- _How to complete this task_
No pictures, please. Copy exactly the lines from the one with "75hab508dw023l54904 - jeans" through the final line below.

§

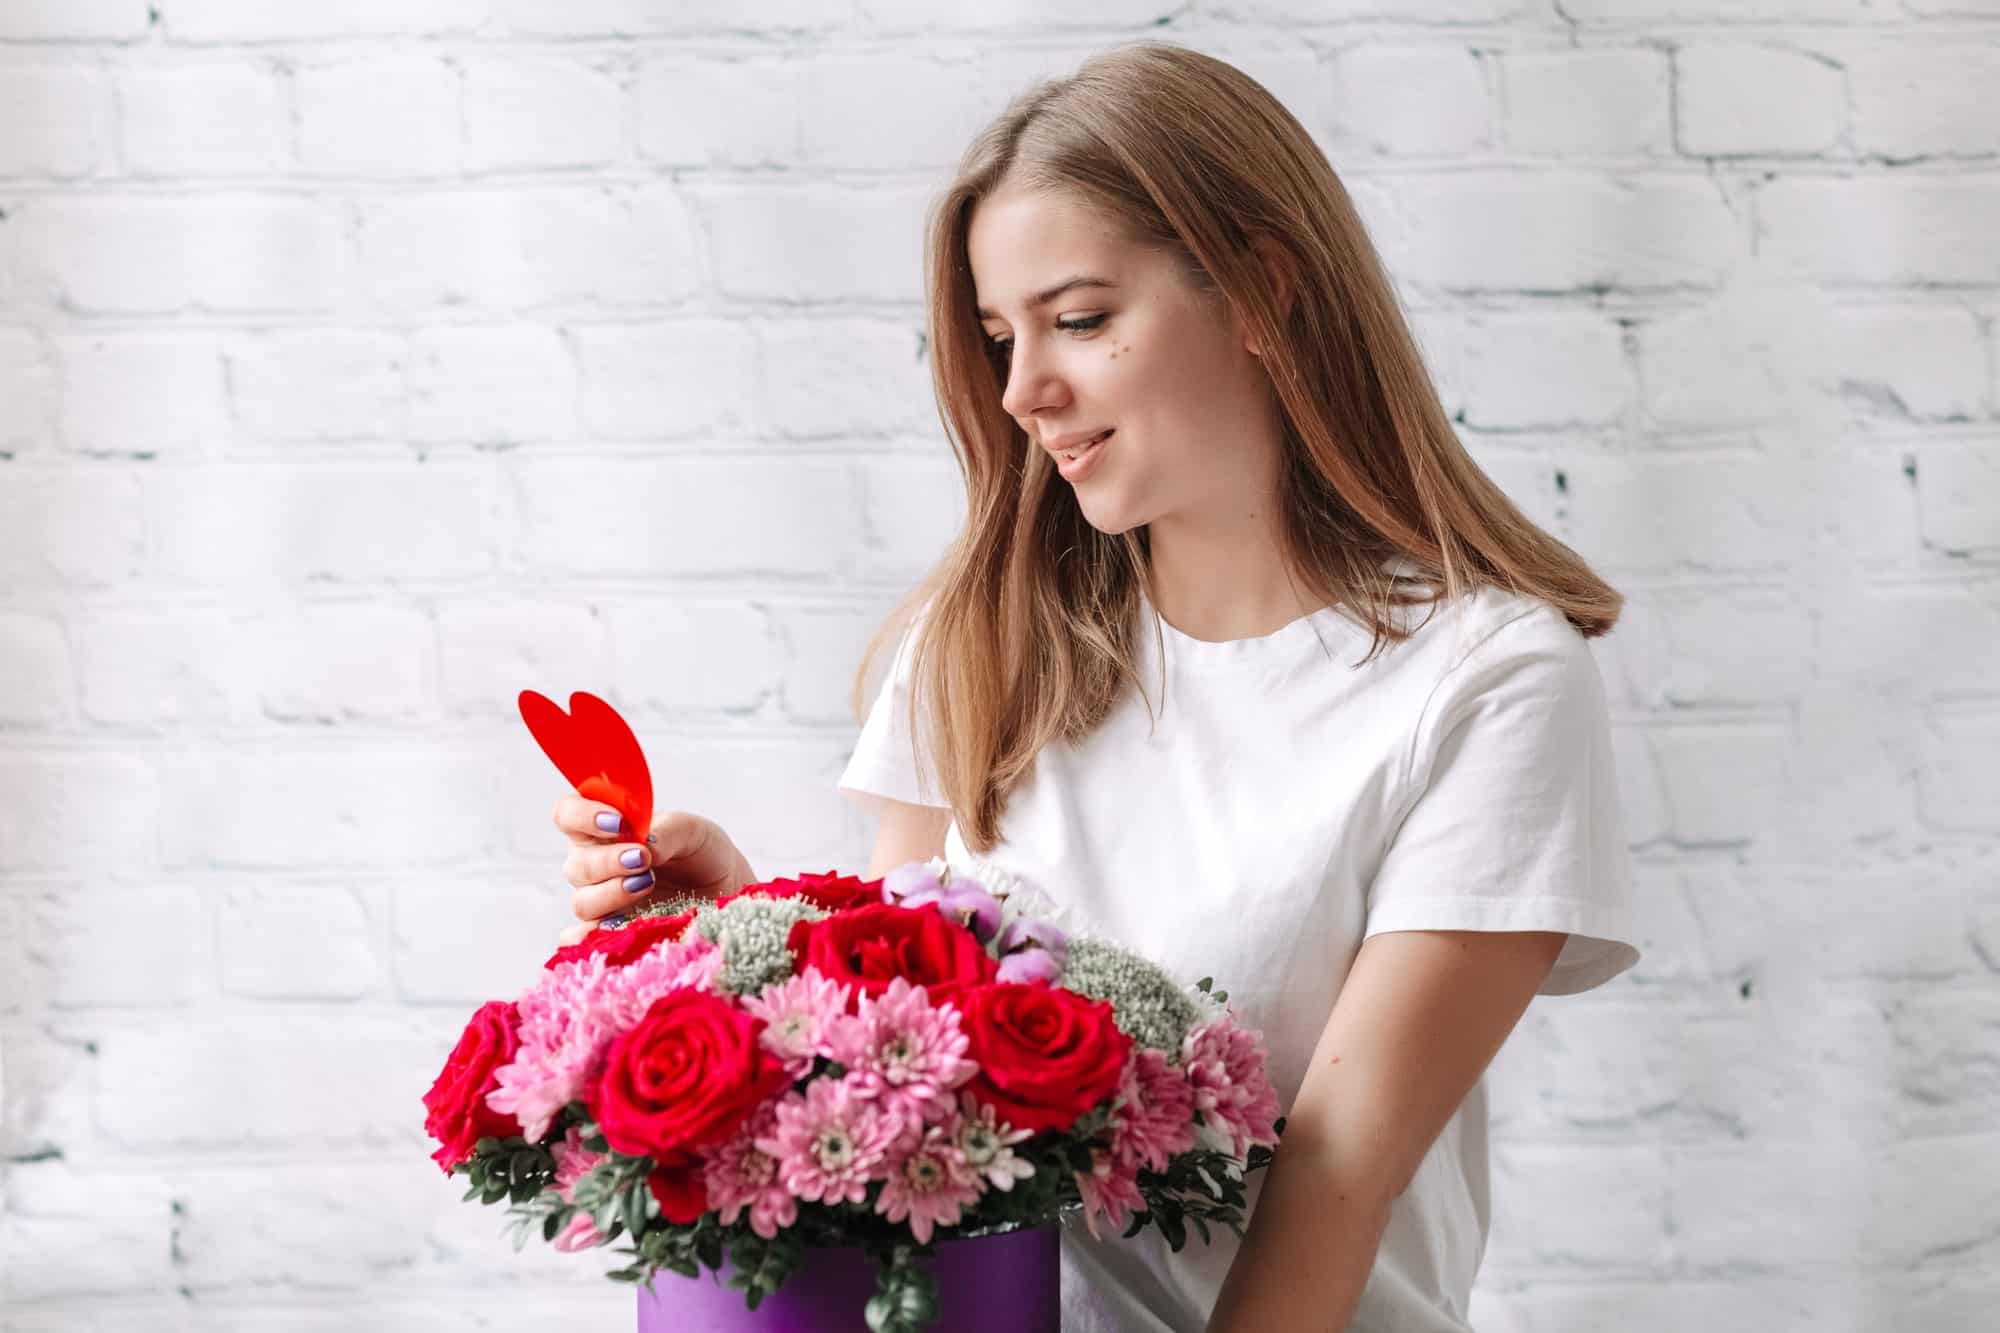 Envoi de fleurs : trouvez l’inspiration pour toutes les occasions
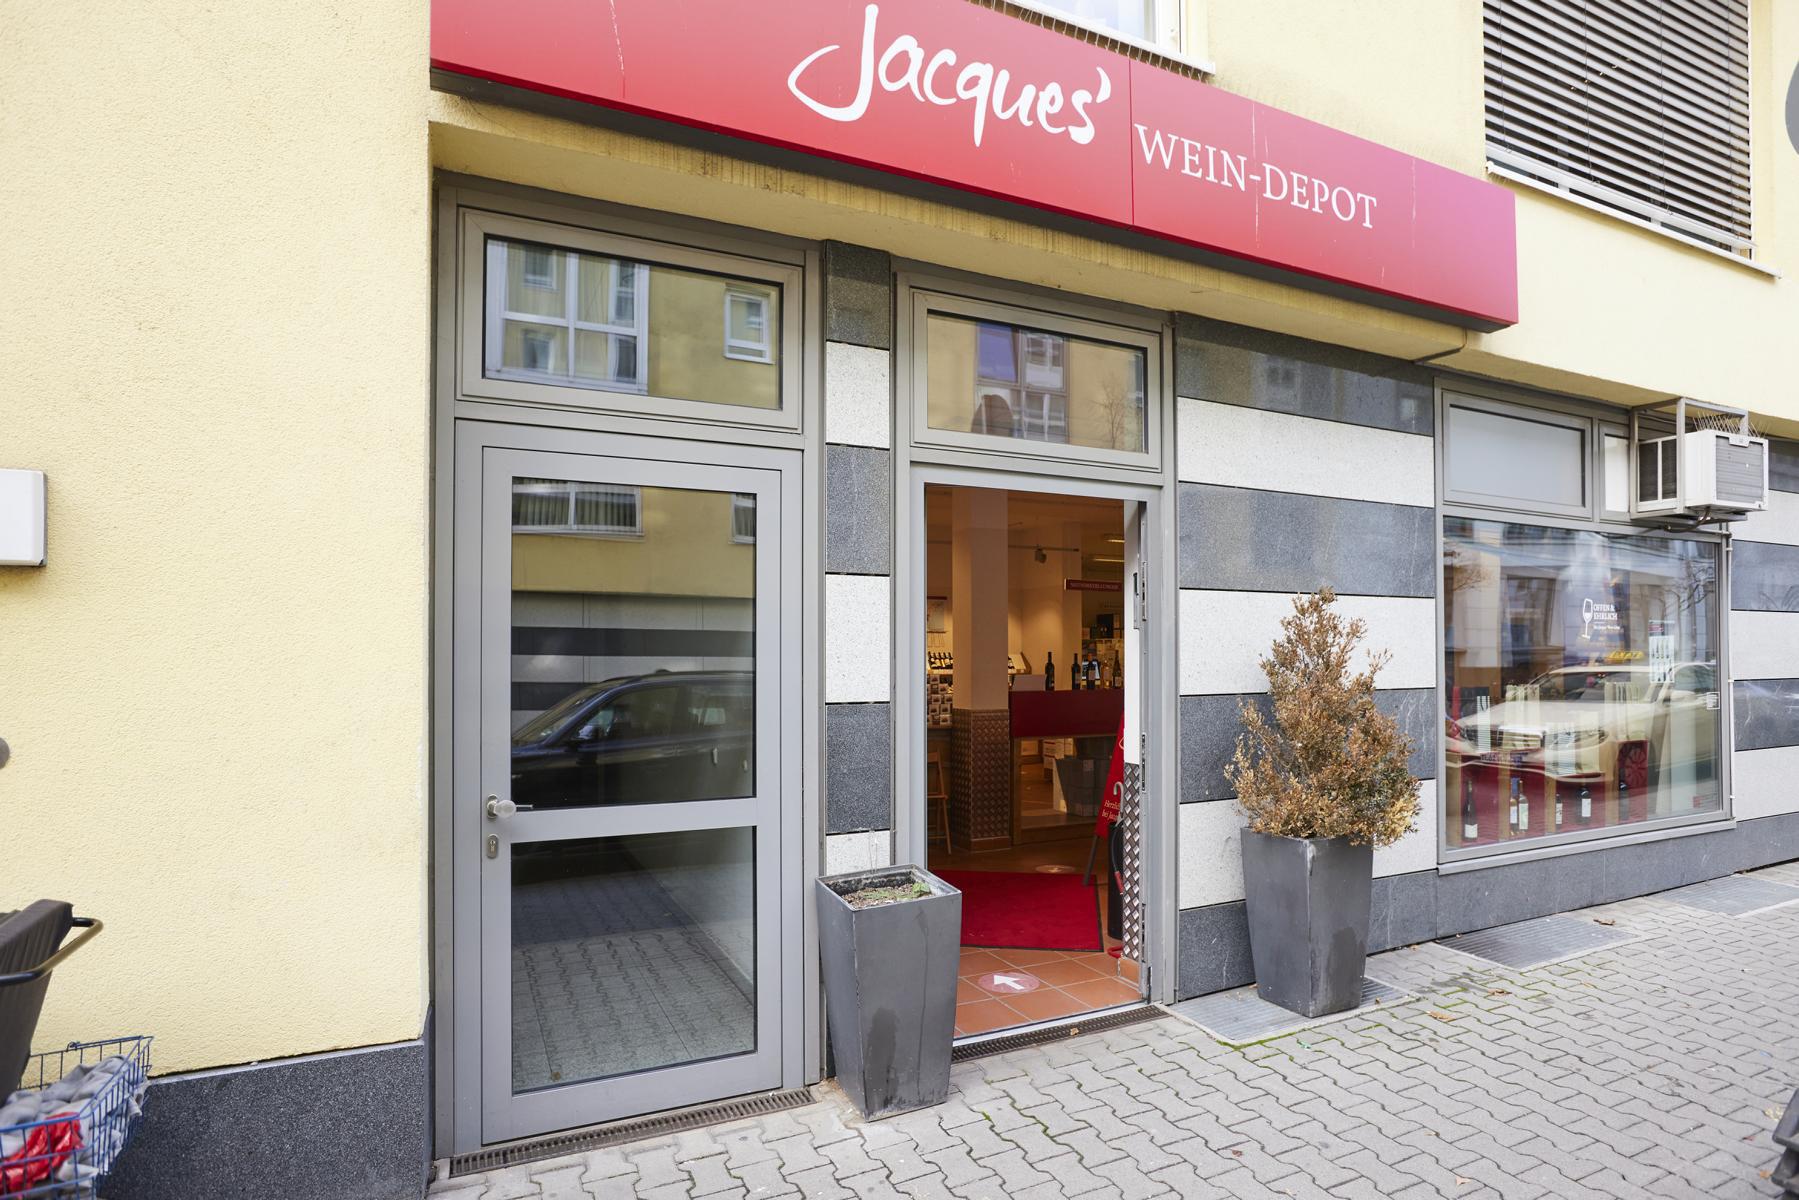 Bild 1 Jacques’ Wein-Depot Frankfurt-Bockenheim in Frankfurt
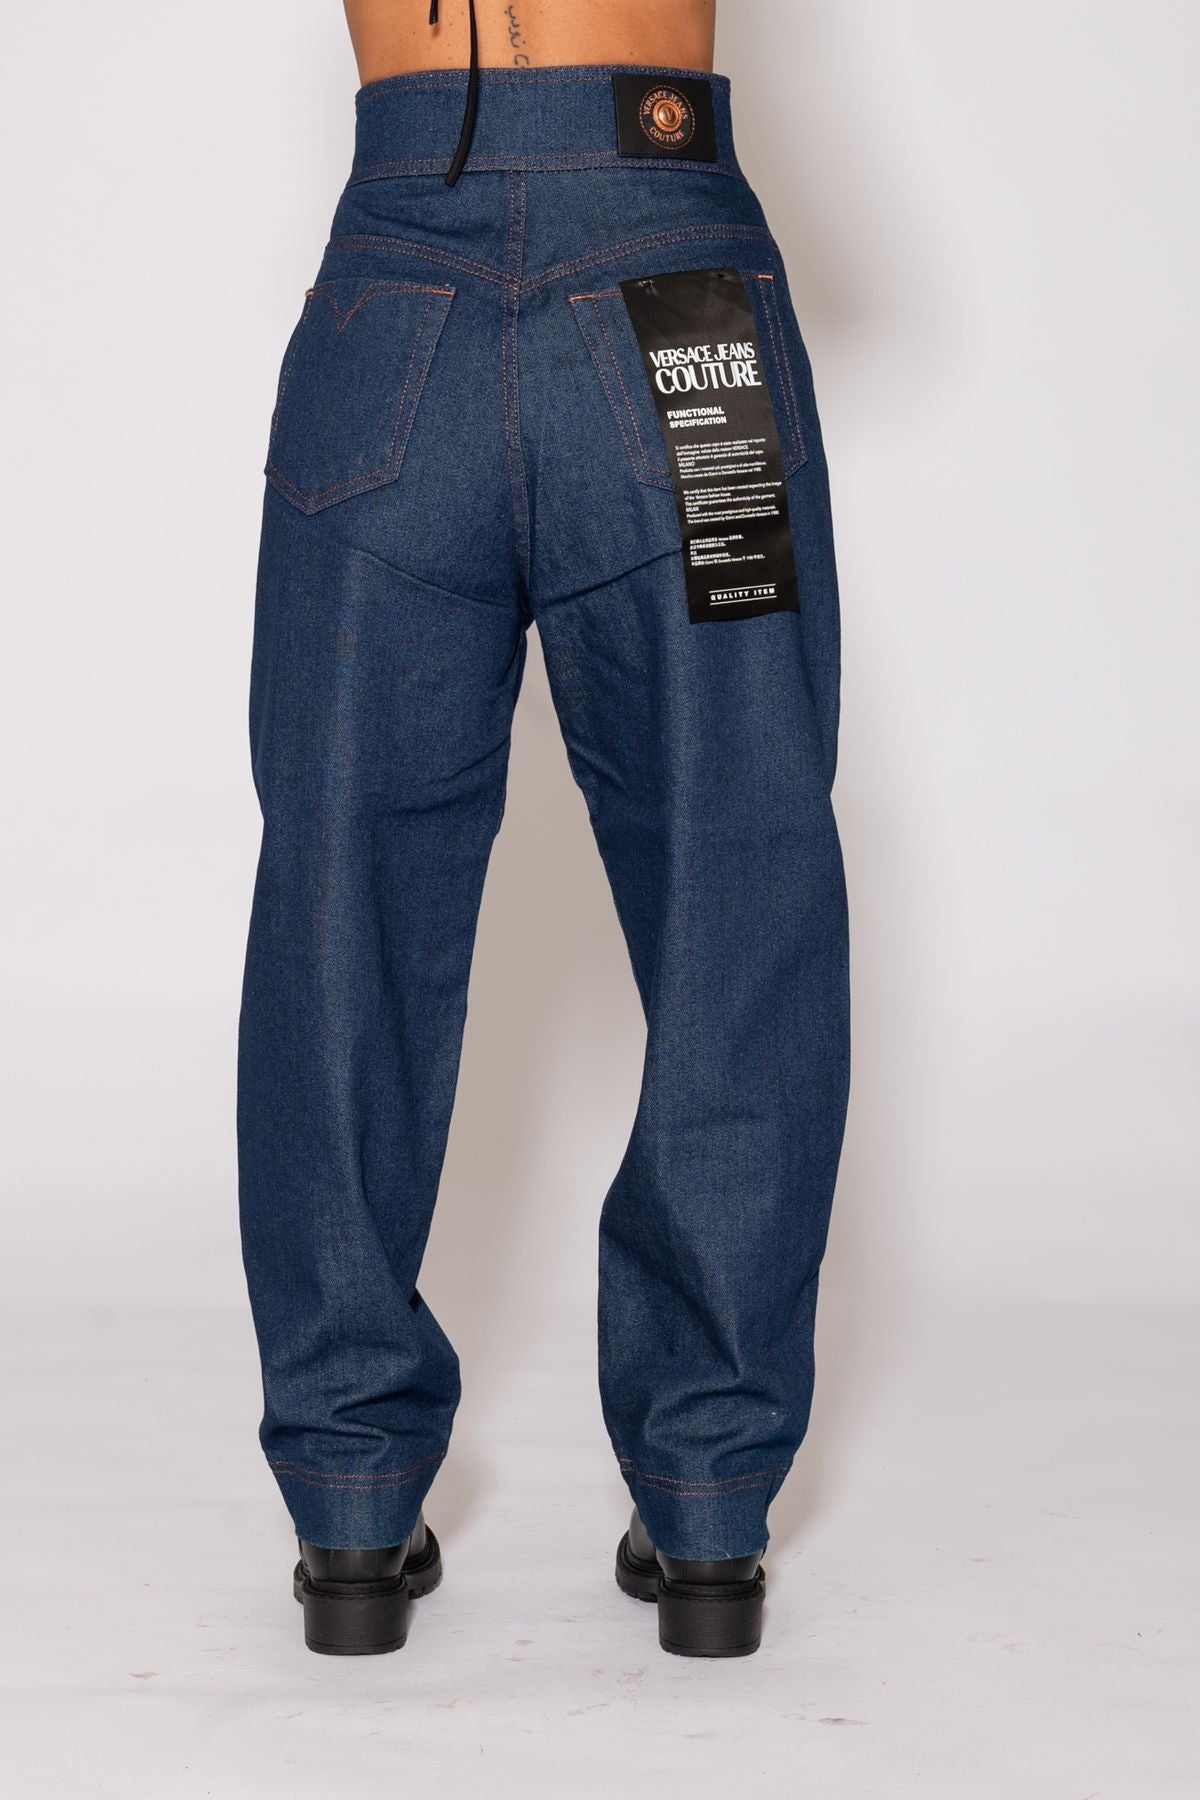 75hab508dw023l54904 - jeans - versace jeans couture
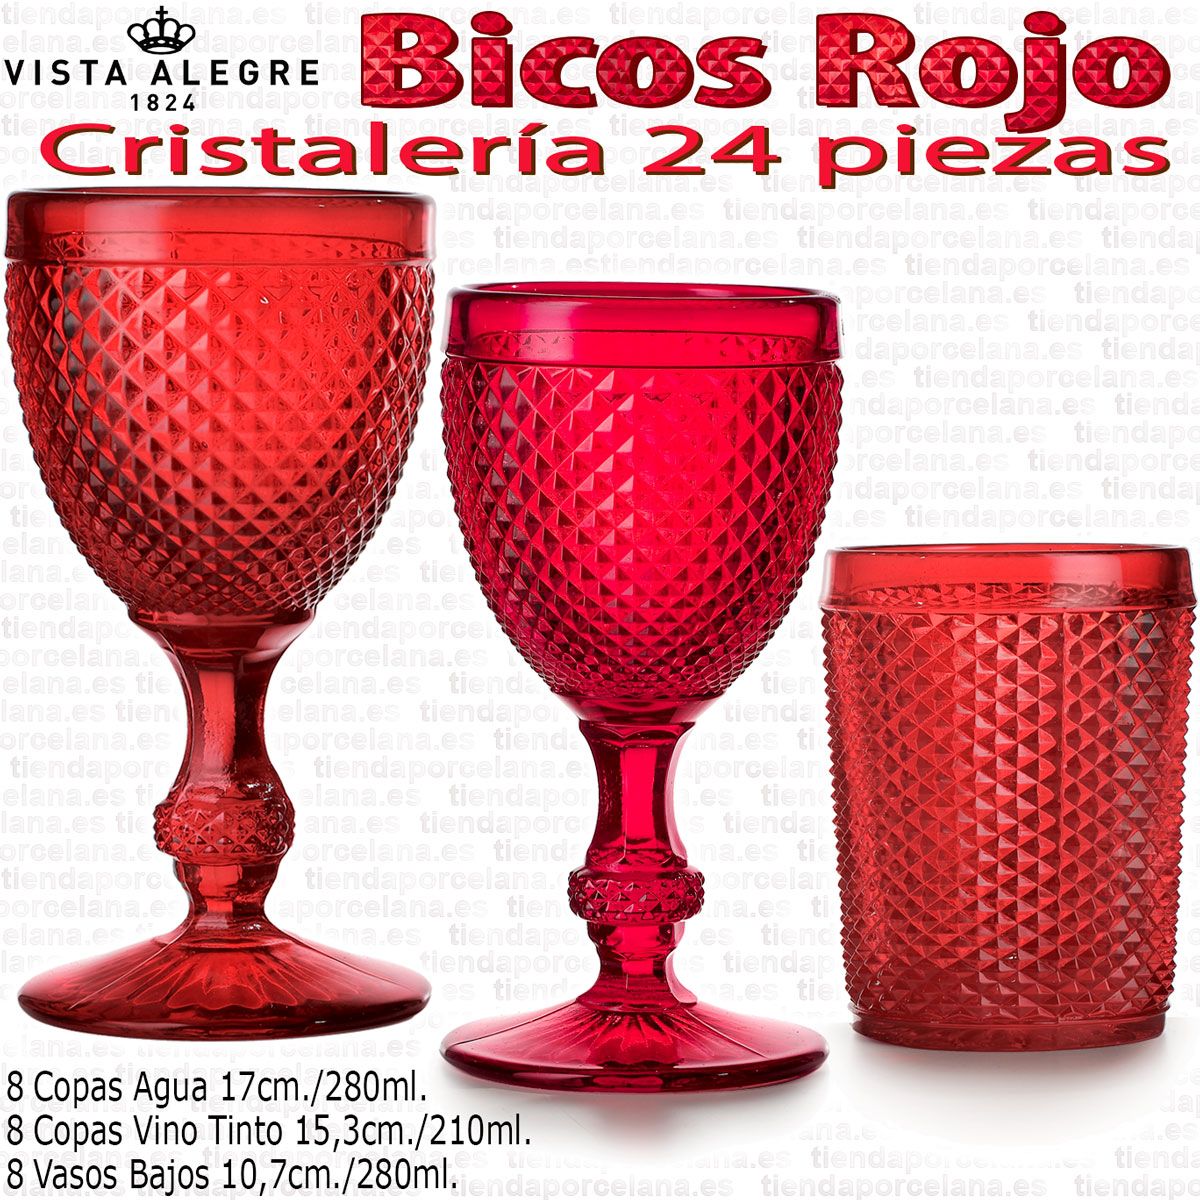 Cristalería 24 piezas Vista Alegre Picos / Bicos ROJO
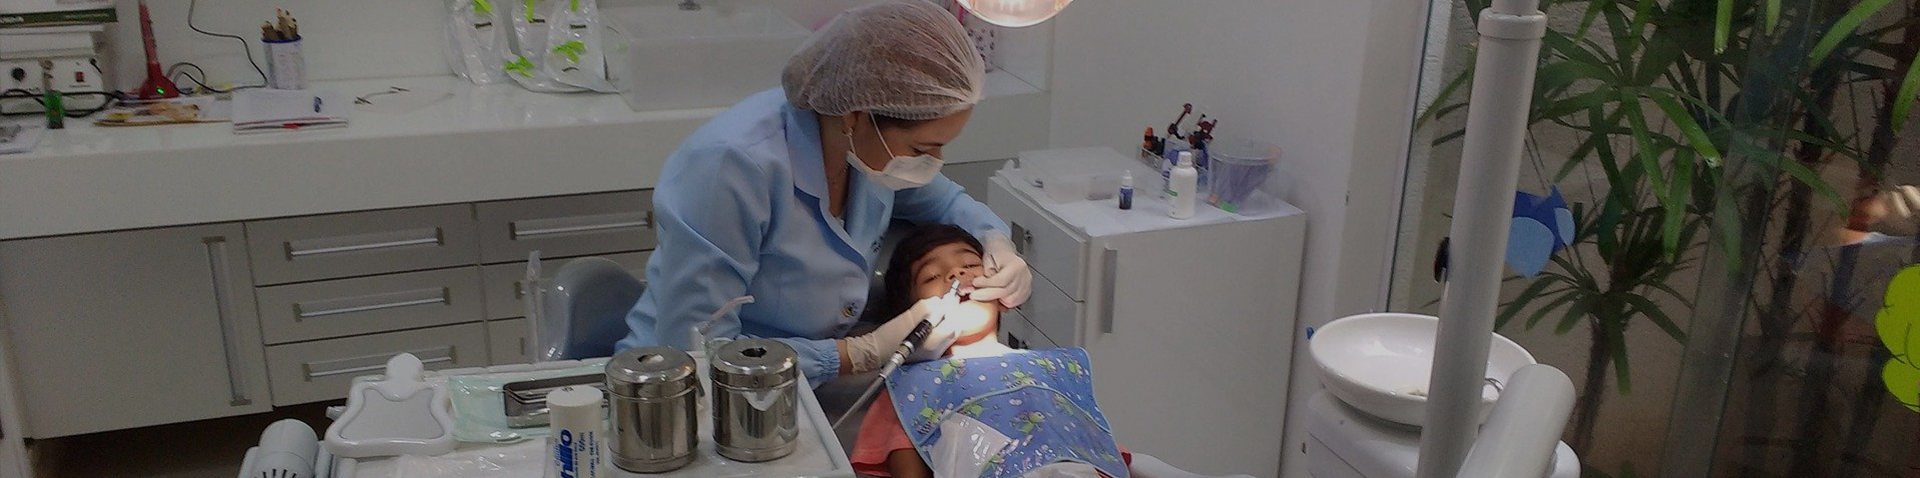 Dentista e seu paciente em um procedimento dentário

§

- _Answer to this problem_
 75hab508dw023l54904 - jeans - versace jeans couture
 Cristalería 24 piezas Vista Alegre Picos / Bicos ROJO
 Dentista e seu paciente em um procedimento dentário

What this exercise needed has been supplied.